房门关上,潘墨看见段逸柔正在看这个房间,于是道:“我让管家布置成这样的,有归属感一点。”
段逸柔点点头:“跟我继续说那西方国家的事吧!那晚你没跟我说完。”她可不想跟潘墨同床共枕,虽然都已经成亲了。
不过她也看得出潘墨并不想跟她做点什么,虽然潘墨挑衅琉月时说要生孩子,但是这话如果从潘墨的口中说出那绝对不正常。果然,潘墨看她的眼神并没有那种灼热与迷恋。“可是我困了,明天再说吧!”
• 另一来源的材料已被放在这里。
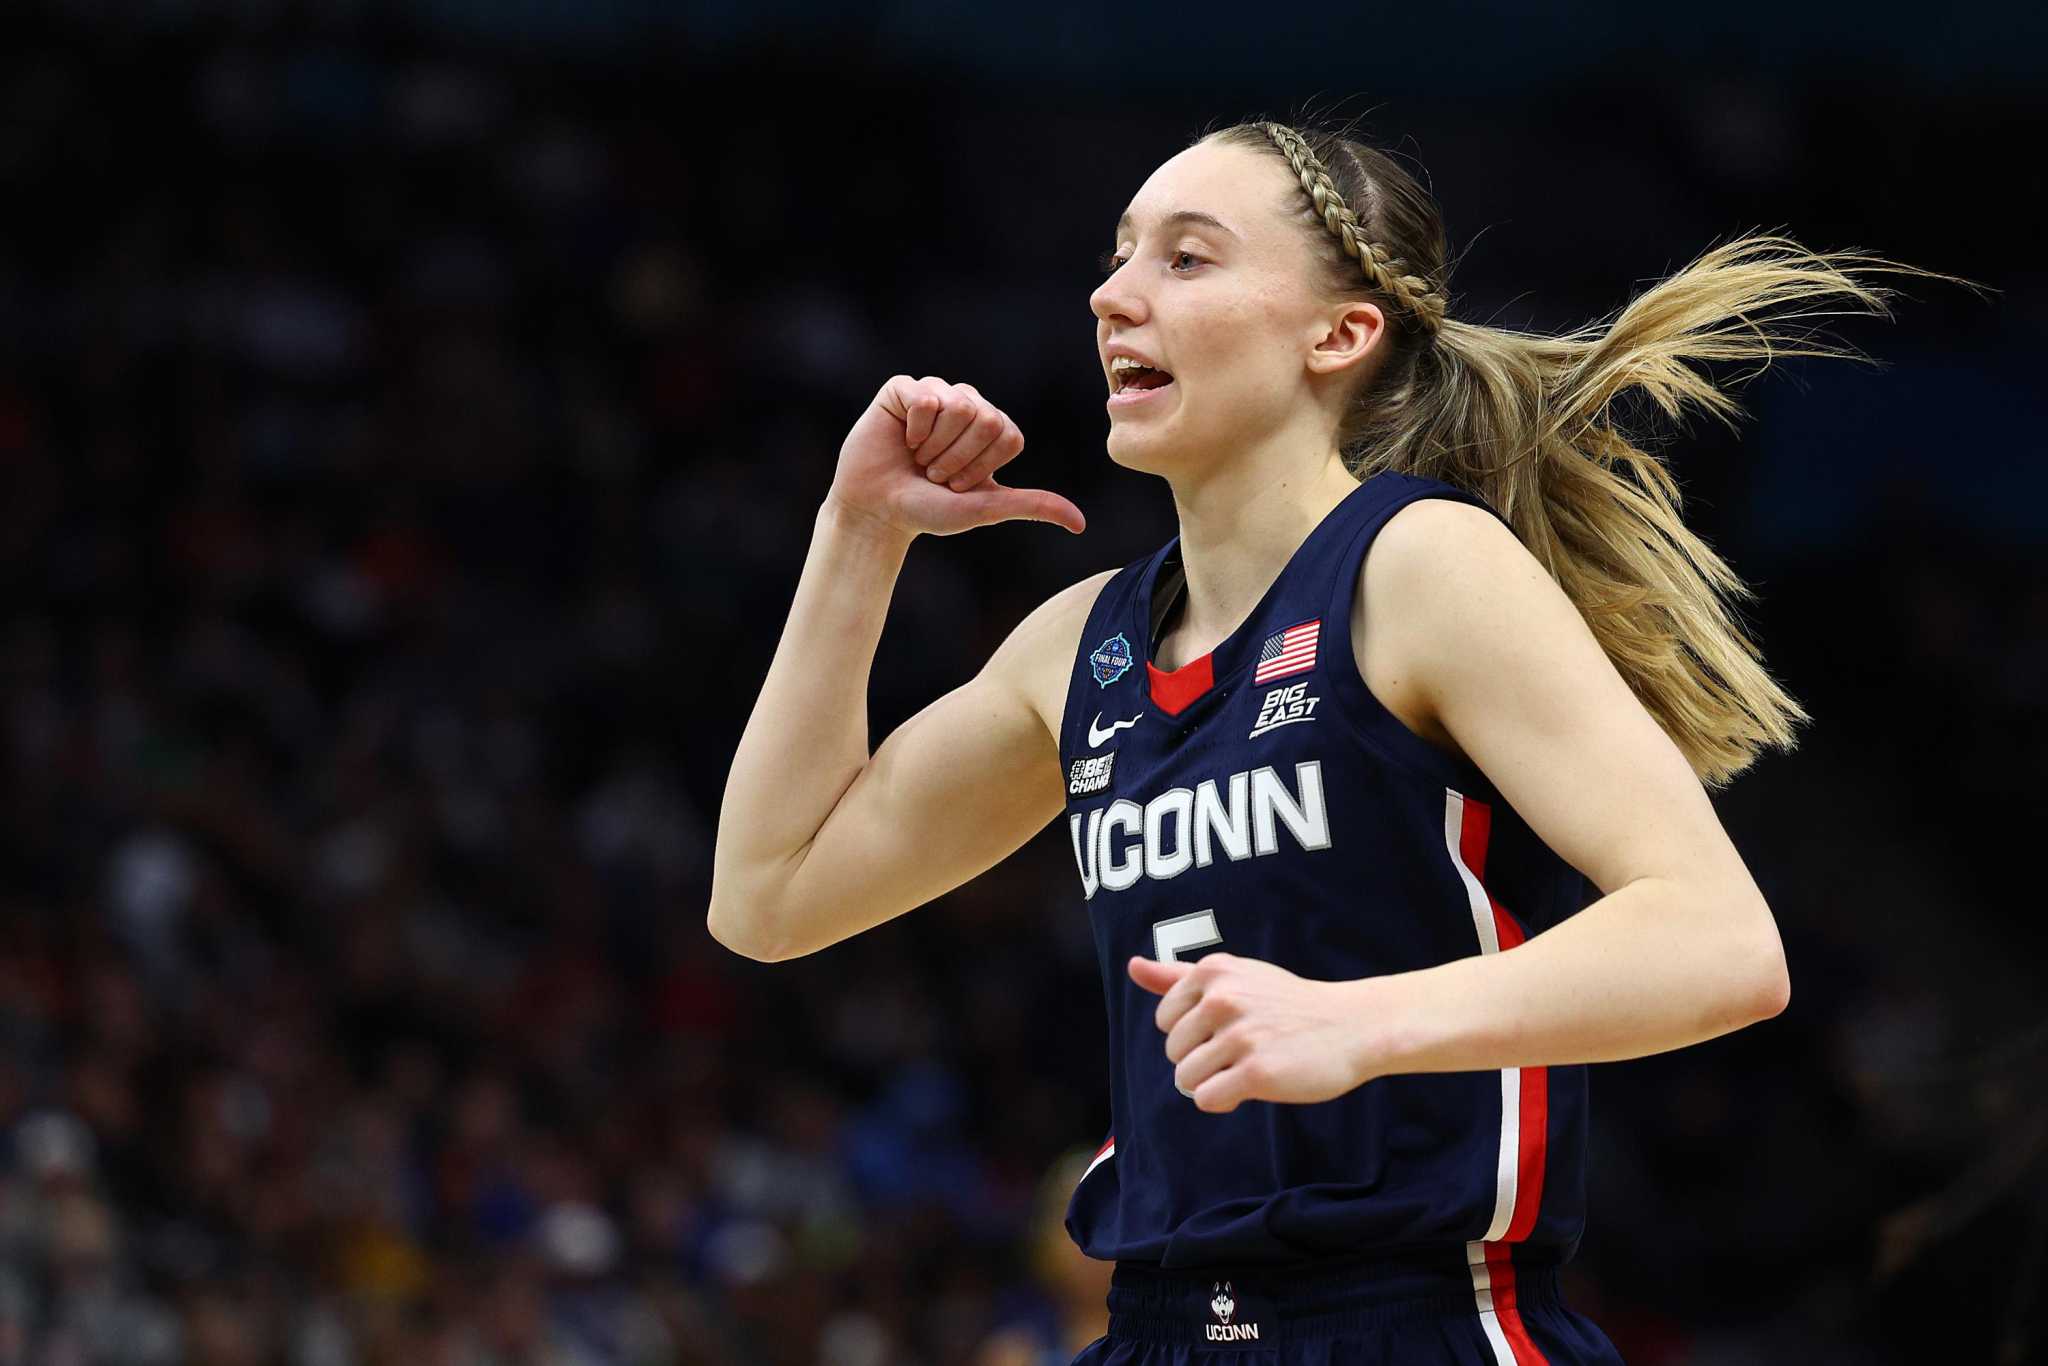 UConn Women's Basketball Star Paige Bueckers Ranked In On3's Top 100

“……”段逸柔这么做除了不想跟潘墨同床共枕以外还是因为她的确想知道。潘墨所知道的事情很多,很广,同时也显得她很神秘。一个拥有的阅历与年龄完全不符的人她想知道是什么造成的。
作者有话要说:
☆、21、公主的师父驾到
段逸柔这些日子并没有回公主府,而她的东西也搬了一些过来,外面说驸马不喜欢公主的传言也不攻自破。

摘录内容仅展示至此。